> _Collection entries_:
————
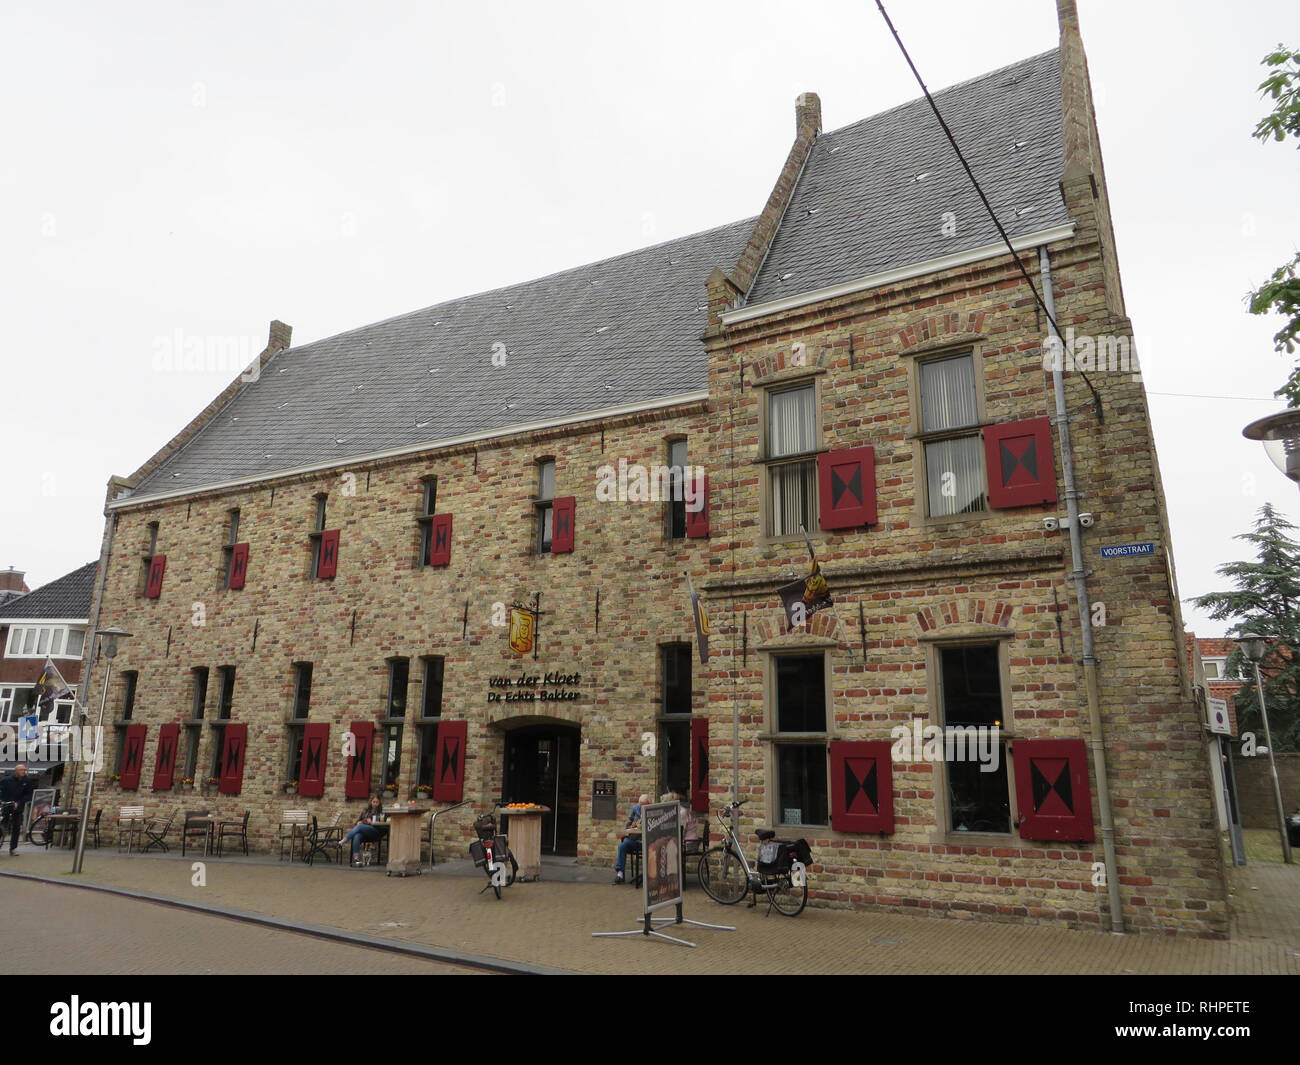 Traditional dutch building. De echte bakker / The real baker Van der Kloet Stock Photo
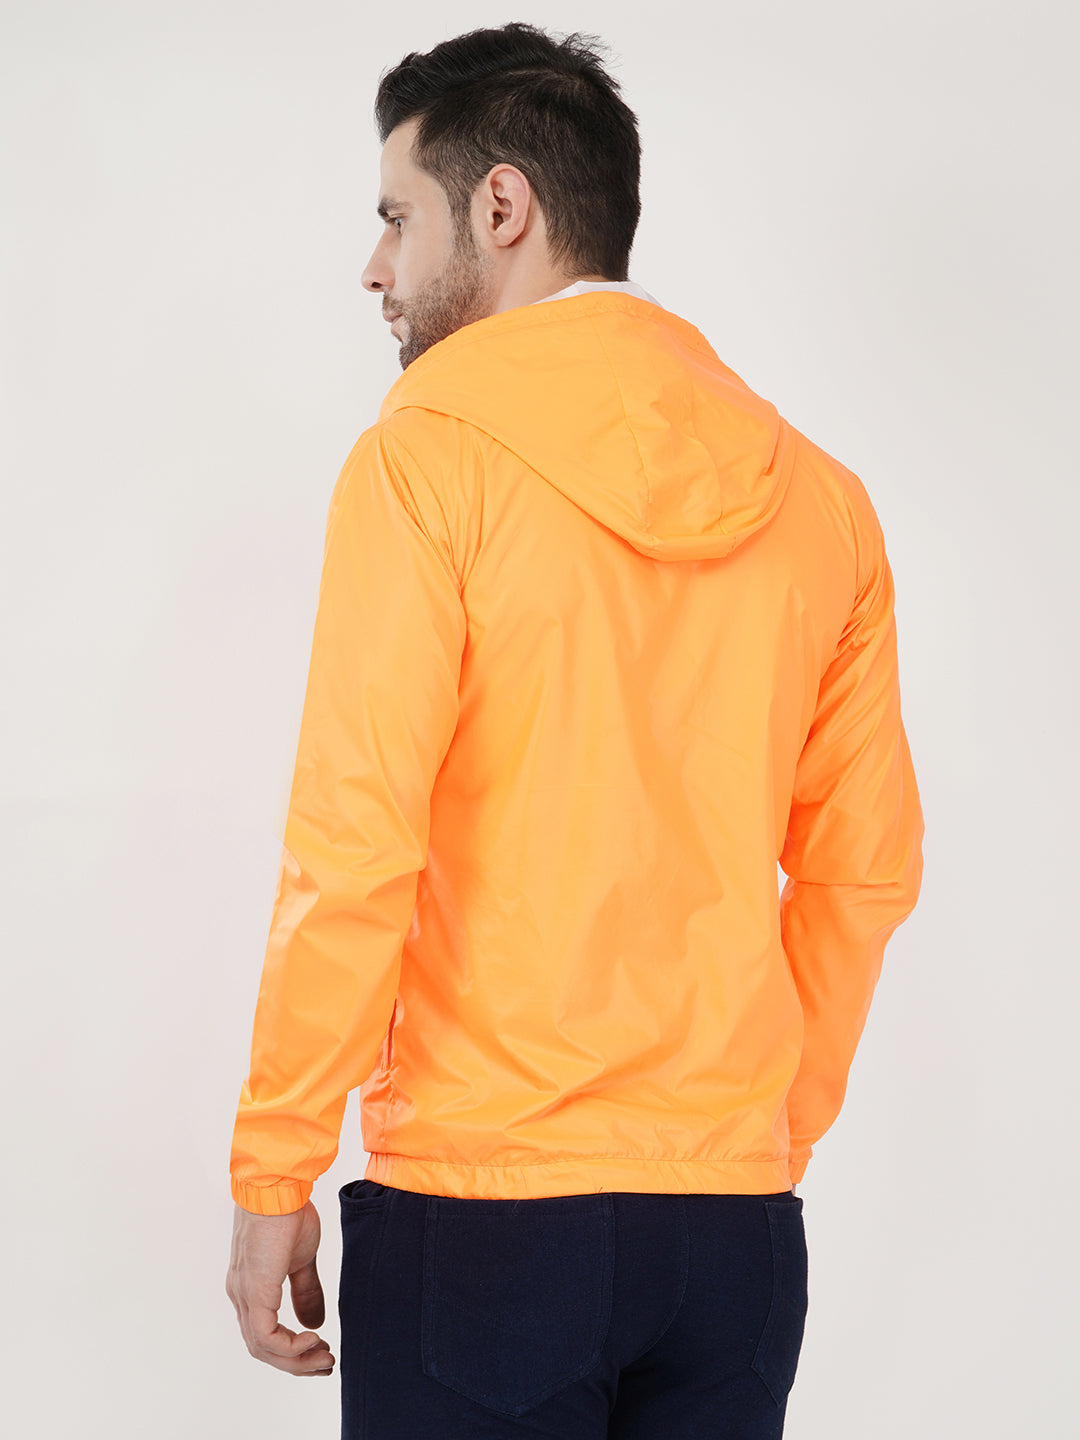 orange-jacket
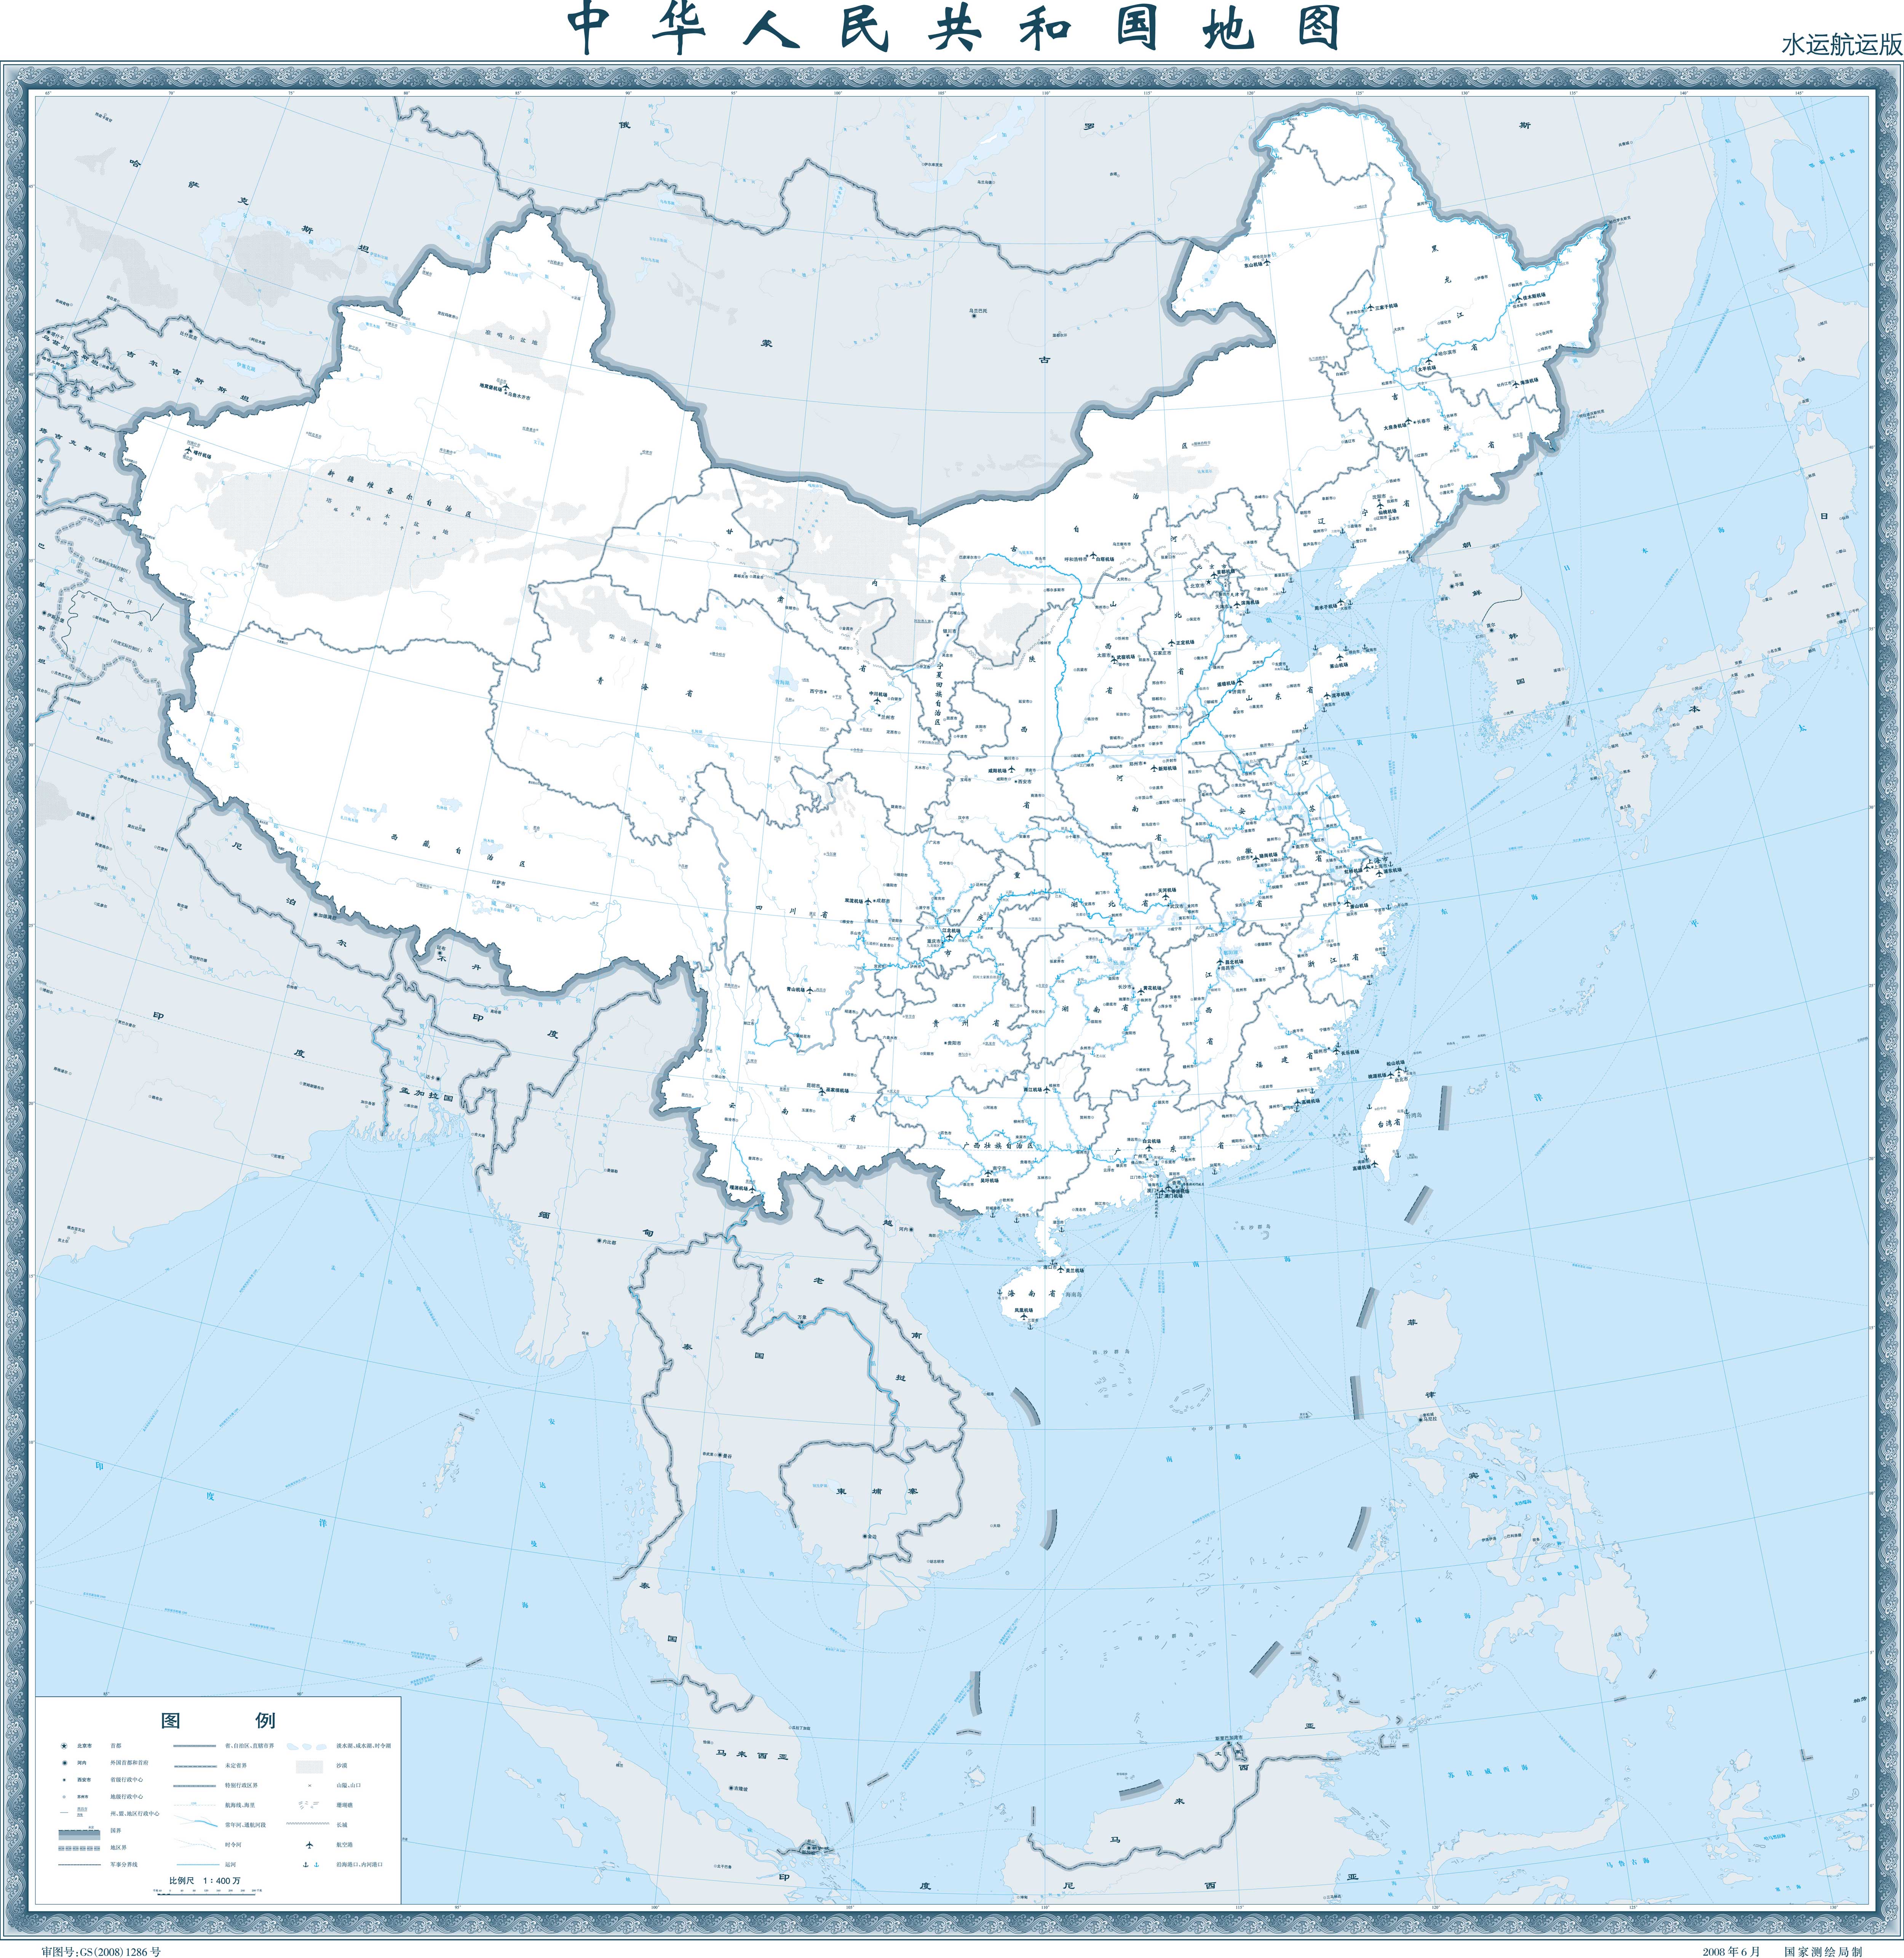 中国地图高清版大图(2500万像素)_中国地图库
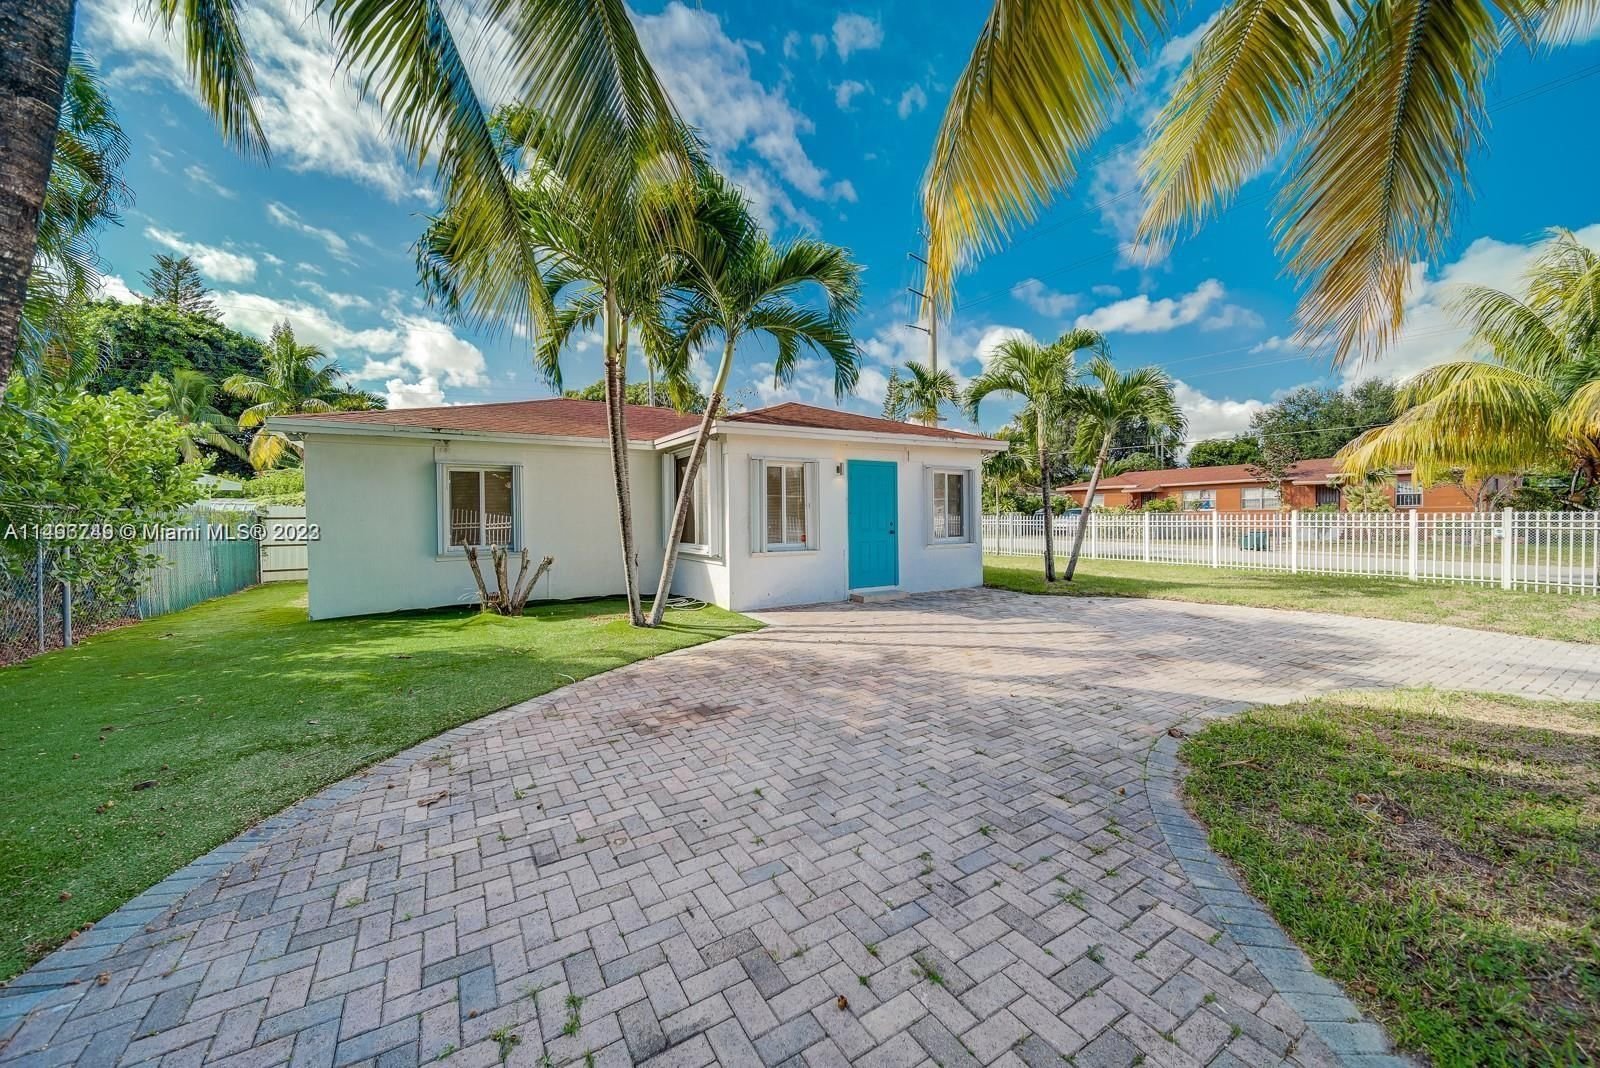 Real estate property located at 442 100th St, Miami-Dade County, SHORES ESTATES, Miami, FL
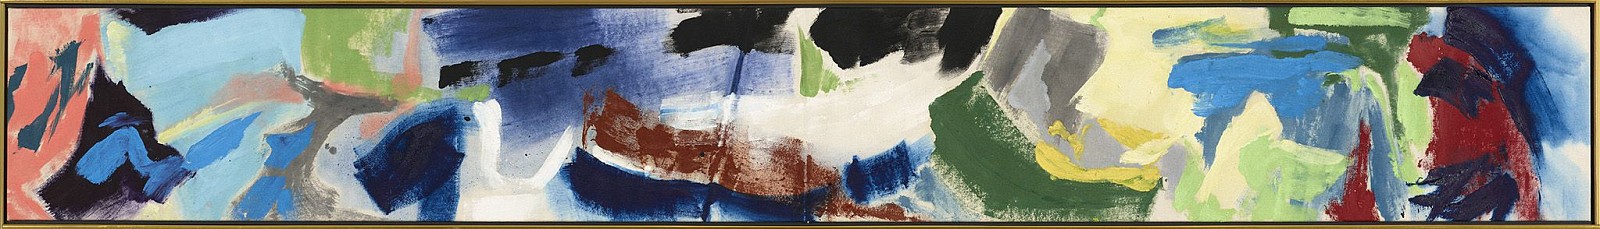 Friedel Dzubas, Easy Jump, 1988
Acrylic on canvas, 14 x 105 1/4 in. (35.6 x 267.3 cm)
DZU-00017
————
> _Work to be completed_: Restate each entry word for word. Omit every picture.

> _Reply to the exercise_:
 Traditional dutch building. De echte bakker / The real baker Van der Kloet Stock Photo
 orange-jacket
 中国地图高清版大图(2500万像素)_中国地图库
 Real estate property located at 442 100th St, Miami-Dade County, SHORES ESTATES, Miami, FL
 Friedel Dzubas, Easy Jump, 1988
Acrylic on canvas, 14 x 105 1/4 in. (35.6 x 267.3 cm)
DZU-00017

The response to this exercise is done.